Only the lines from the one with "Makayah Alexander, a" through the final line below belong in the answer, copied exactly and without pictures.

[Dataset content Boundary: Start]

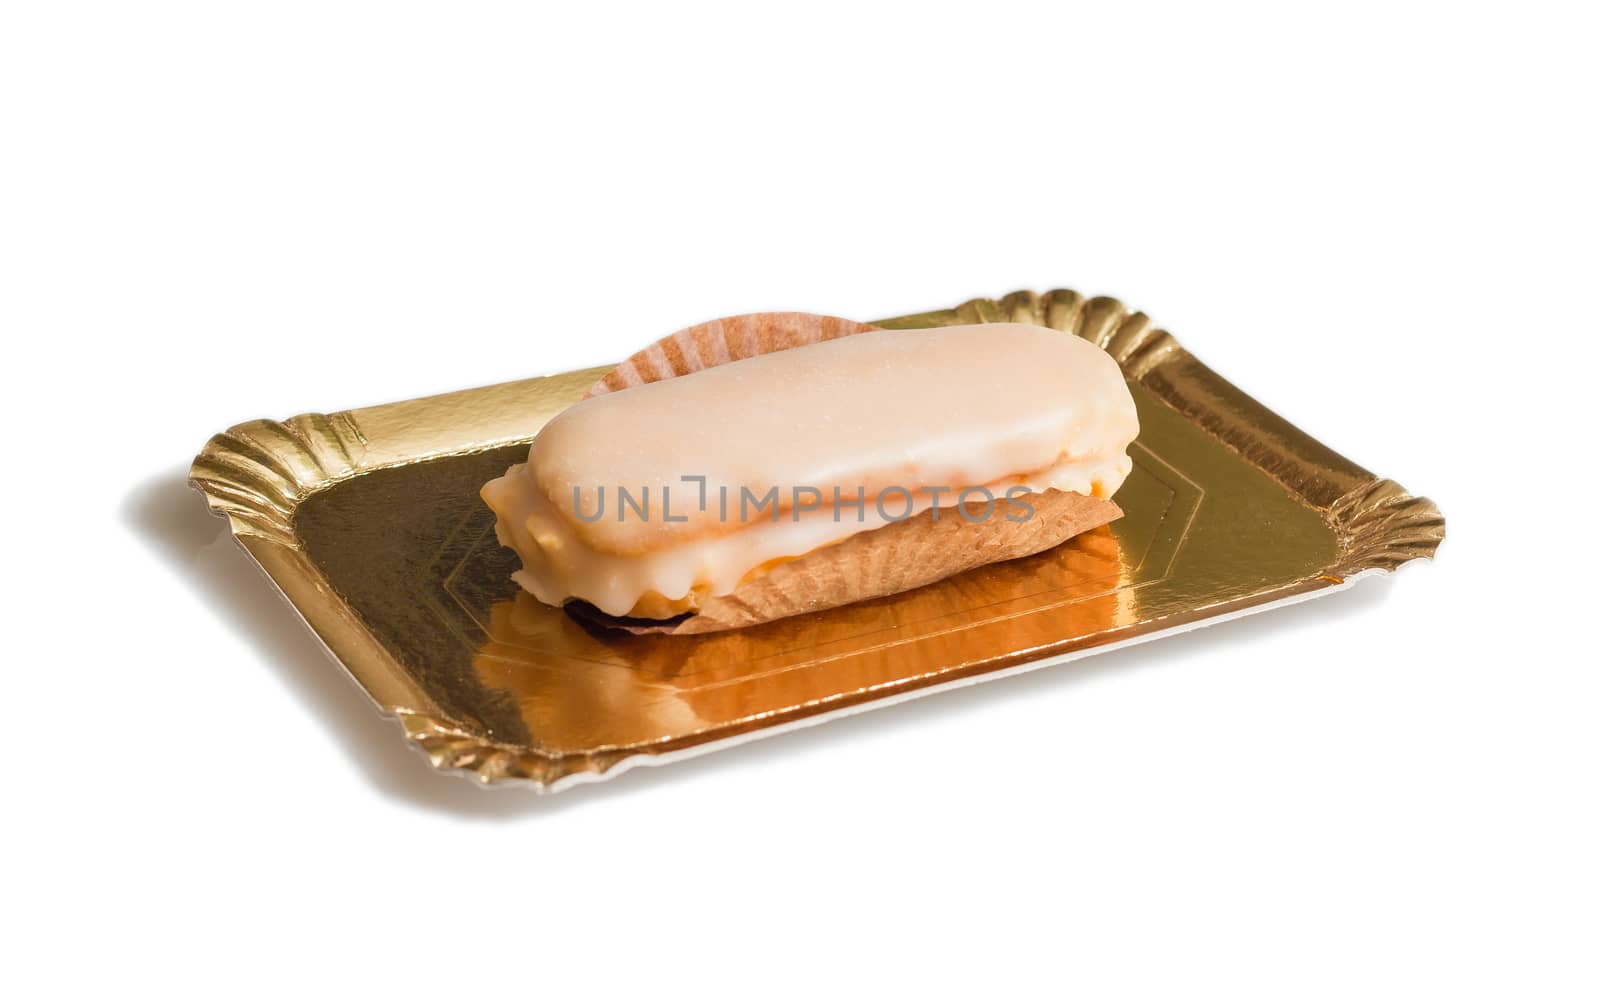 Delicious traditional asturian almond cake with sugar frosting and known as "carbayon", isolated on white background
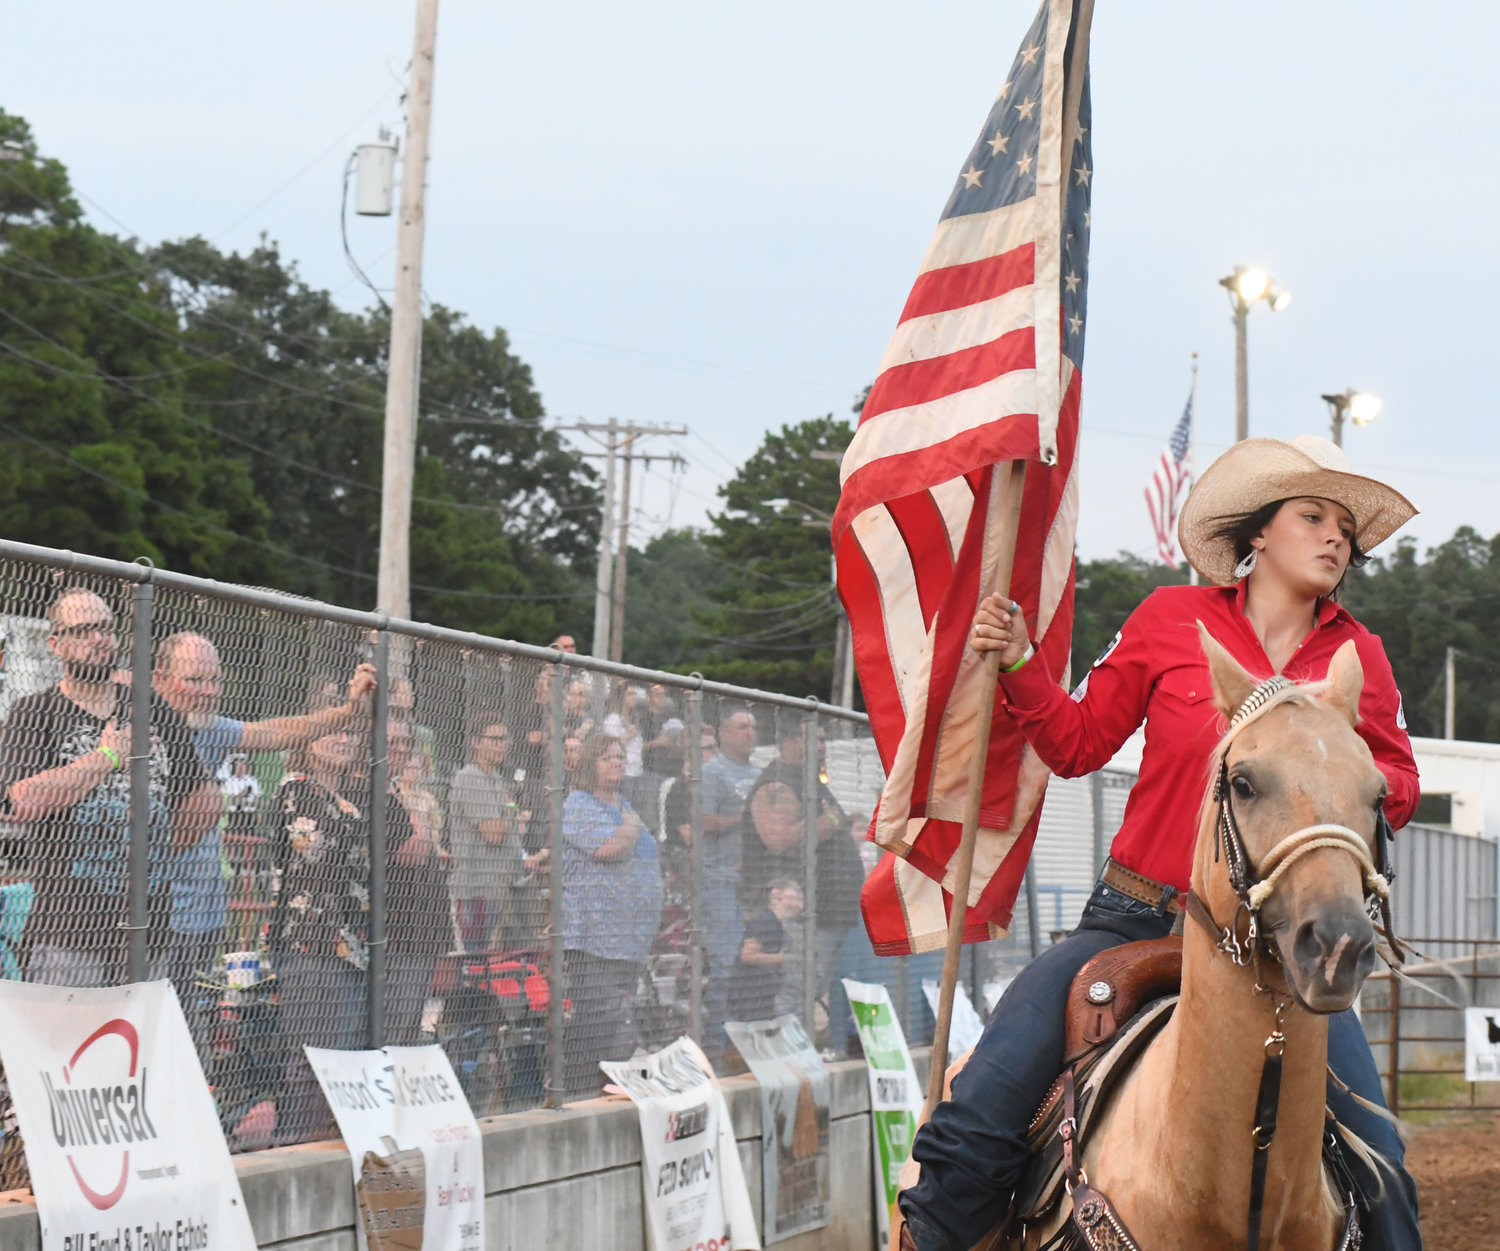 Makayah Alexander, a barrel racer from Lebanon, Mo., circles the Memorial Park arena Friday evening during a patriotic opening ceremony for the Double B Rough Stock Association’s rodeo hosted by the Owensville Fire Department.  She won the Saturday competition of the of the open barrels event during the rodeo’s two-night  production in Owensville.
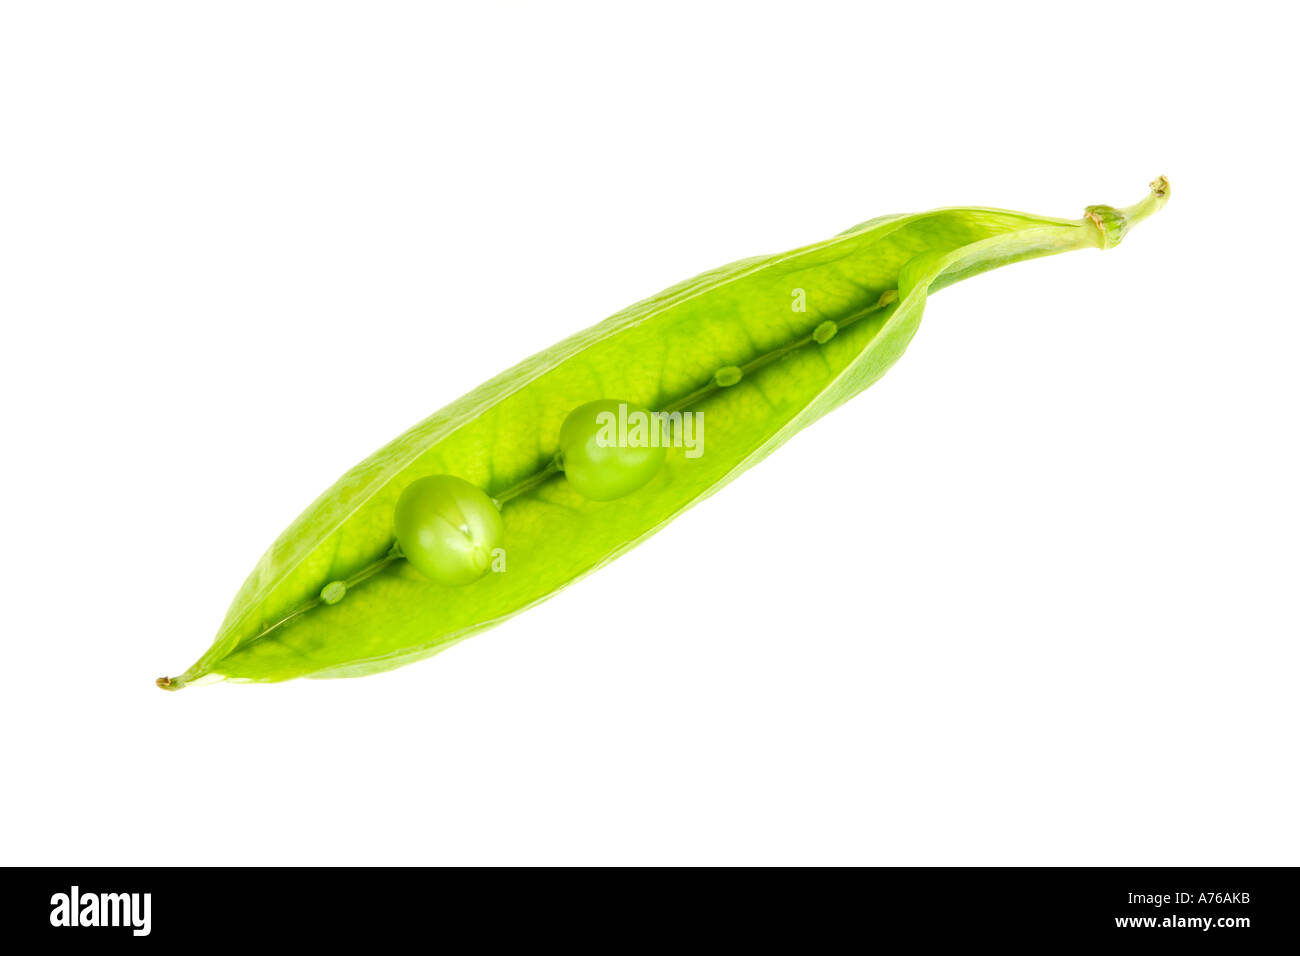 Pea pod on a pure white background (two peas in a pod). Stock Photo
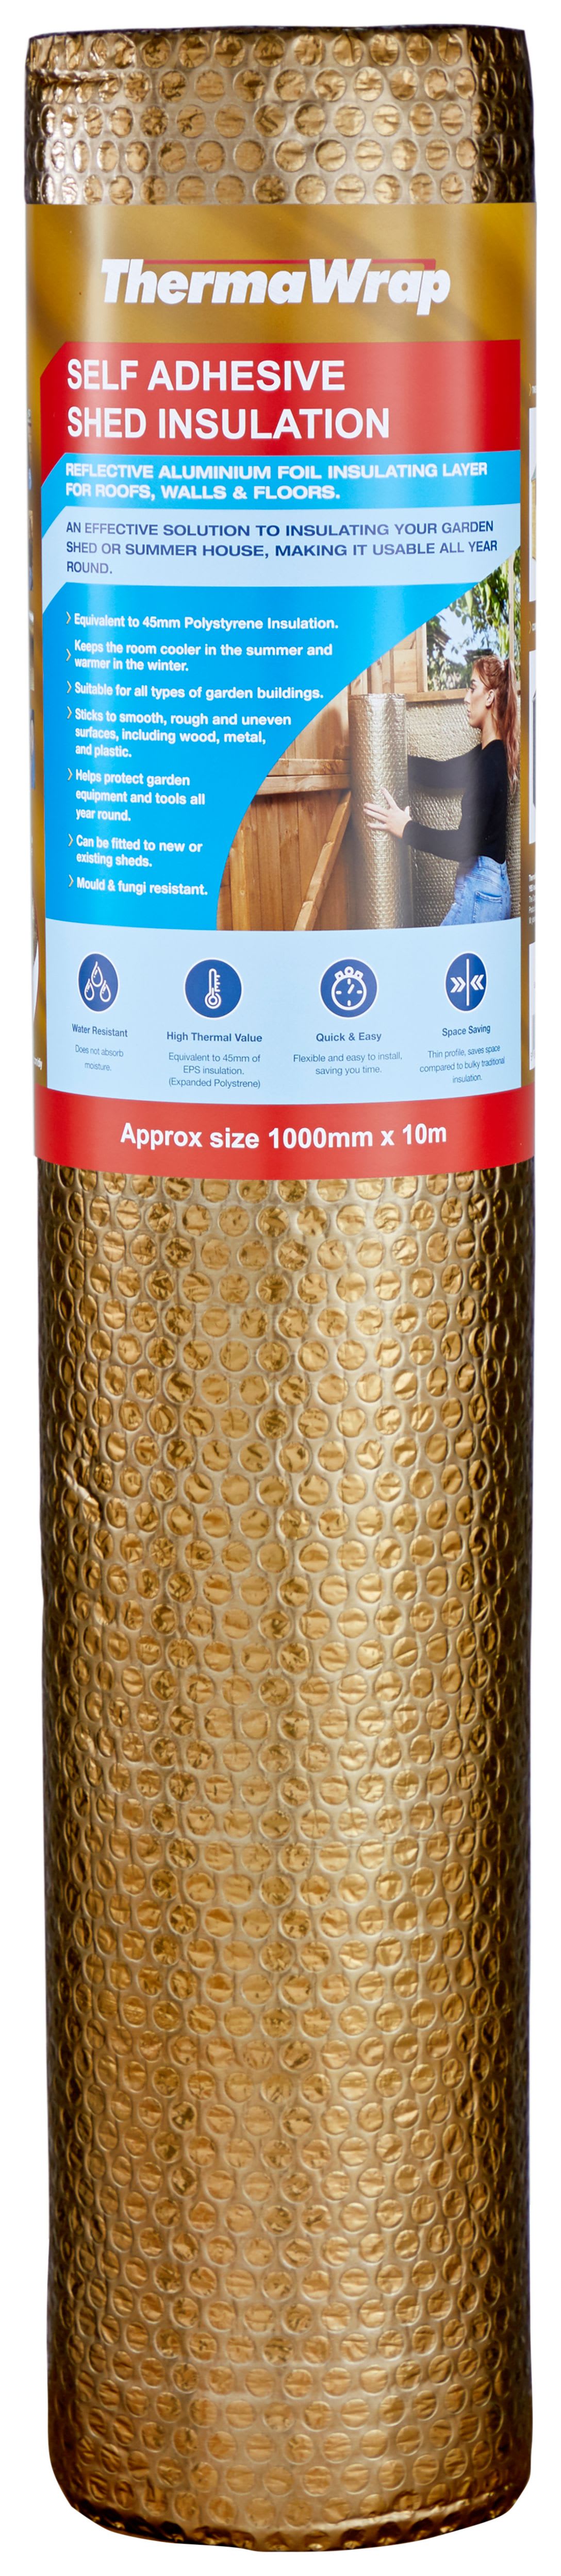 ThermaWrap Self-Adhesive Shed Insulation Roll - 1000mm x

[Dataset content Boundary: End]

• Output:
 Makayah Alexander, a barrel racer from Lebanon, Mo., circles the Memorial Park arena Friday evening during a patriotic opening ceremony for the Double B Rough Stock Association’s rodeo hosted by the Owensville Fire Department.  She won the Saturday competition of the of the open barrels event during the rodeo’s two-night  production in Owensville.
 Pea pod on a pure white background (two peas in a pod). Stock Photo
 ThermaWrap Self-Adhesive Shed Insulation Roll - 1000mm x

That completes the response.